The request function for API endpoints.

AIOHTTP_TIMEOUT module-attribute

AIOHTTP_TIMEOUT = ClientTimeout(total=6 * 60 * 60)

ASYNC_REQUEST_FUNCS module-attribute

ASYNC_REQUEST_FUNCS = {
    "vllm": async_request_openai_completions,
    "openai": async_request_openai_completions,
    "openai-chat": async_request_openai_chat_completions,
    "openai-audio": async_request_openai_audio,
    "openai-embeddings": async_request_openai_embeddings,
}

OPENAI_COMPATIBLE_BACKENDS module-attribute

OPENAI_COMPATIBLE_BACKENDS = [
    k
    for (k, v) in (items())
    if v
    in (
        async_request_openai_completions,
        async_request_openai_chat_completions,
    )
]

RequestFuncInput dataclass

The input for the request function.

Source code in vllm/benchmarks/lib/endpoint_request_func.py
@dataclass
class RequestFuncInput:
    """The input for the request function."""
    prompt: str
    api_url: str
    prompt_len: int
    output_len: int
    model: str
    model_name: Optional[str] = None
    logprobs: Optional[int] = None
    extra_body: Optional[dict] = None
    multi_modal_content: Optional[Union[dict, list[dict]]] = None
    ignore_eos: bool = False
    language: Optional[str] = None
    request_id: Optional[str] = None

api_url instance-attribute

api_url: str

extra_body class-attribute instance-attribute

extra_body: Optional[dict] = None

ignore_eos class-attribute instance-attribute

ignore_eos: bool = False

language class-attribute instance-attribute

language: Optional[str] = None

logprobs class-attribute instance-attribute

logprobs: Optional[int] = None

model instance-attribute

model: str

model_name class-attribute instance-attribute

model_name: Optional[str] = None

multi_modal_content class-attribute instance-attribute

multi_modal_content: Optional[Union[dict, list[dict]]] = (
    None
)

output_len instance-attribute

output_len: int

prompt instance-attribute

prompt: str

prompt_len instance-attribute

prompt_len: int

request_id class-attribute instance-attribute

request_id: Optional[str] = None

__init__

__init__(
    prompt: str,
    api_url: str,
    prompt_len: int,
    output_len: int,
    model: str,
    model_name: Optional[str] = None,
    logprobs: Optional[int] = None,
    extra_body: Optional[dict] = None,
    multi_modal_content: Optional[
        Union[dict, list[dict]]
    ] = None,
    ignore_eos: bool = False,
    language: Optional[str] = None,
    request_id: Optional[str] = None,
) -> None

RequestFuncOutput dataclass

The output of the request function including metrics.
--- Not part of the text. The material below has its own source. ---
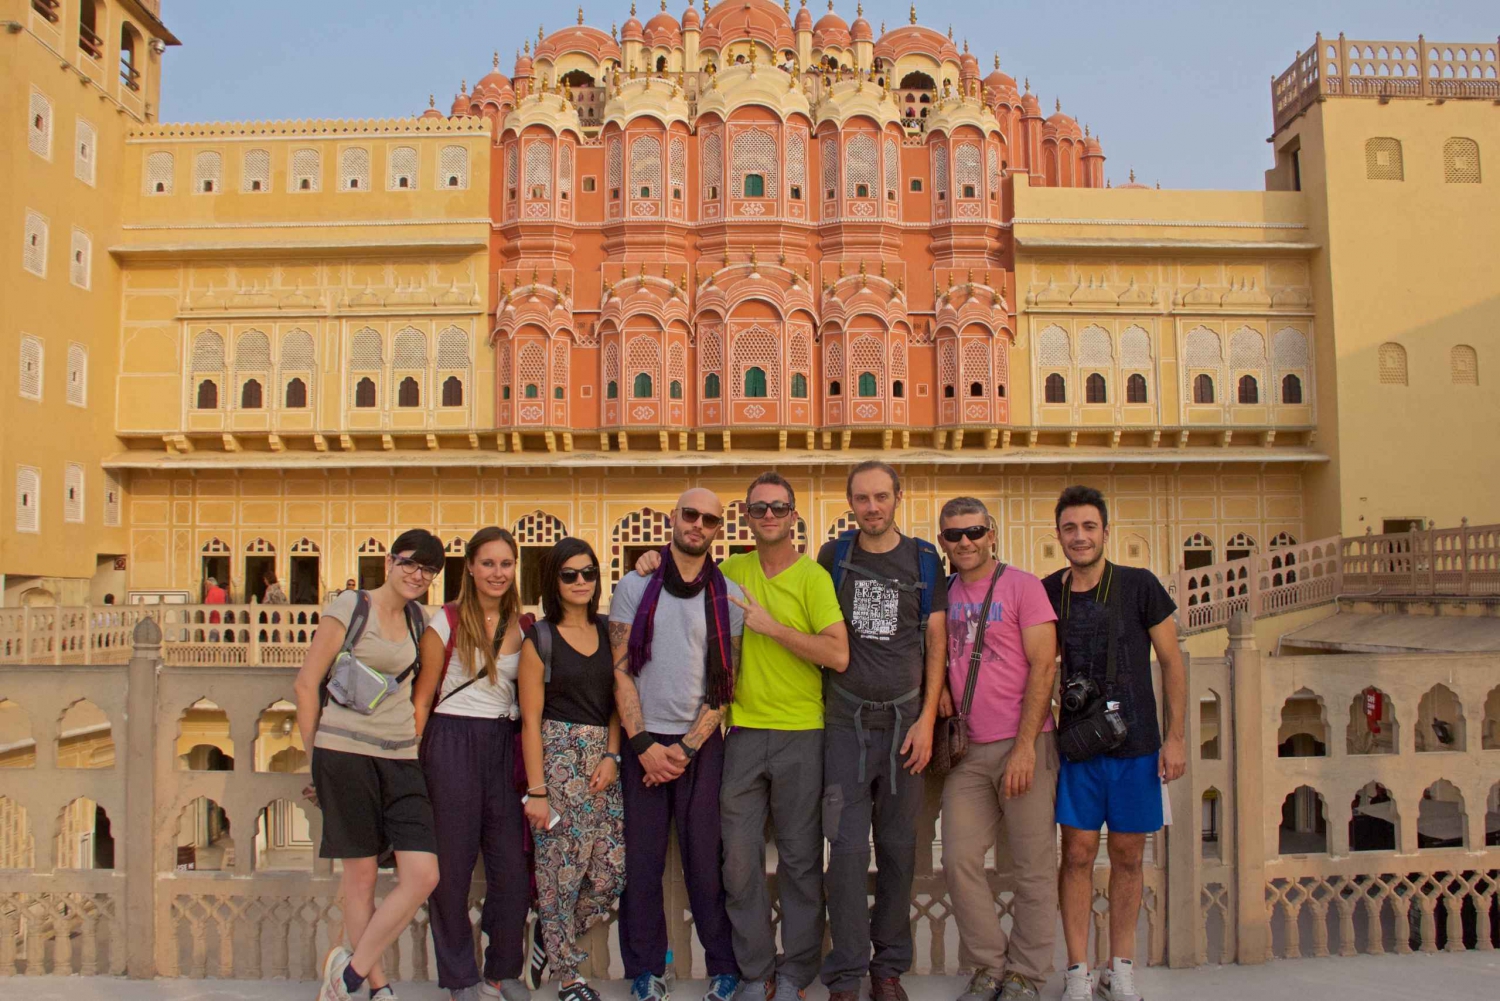 Fra Delhi: Jaipur privat heldags guidet tur

Source code in vllm/benchmarks/lib/endpoint_request_func.py
@dataclass
class RequestFuncOutput:
    """The output of the request function including metrics."""
    generated_text: str = ""
    success: bool = False
    latency: float = 0.0
    output_tokens: int = 0
    ttft: float = 0.0  # Time to first token
    itl: list[float] = field(
        default_factory=list)  # list of inter-token latencies
    tpot: float = 0.0  # avg next-token latencies
    prompt_len: int = 0
    error: str = ""

error class-attribute instance-attribute

error: str = ''

generated_text class-attribute instance-attribute

generated_text: str = ''

itl class-attribute instance-attribute

itl: list[float] = field(default_factory=list)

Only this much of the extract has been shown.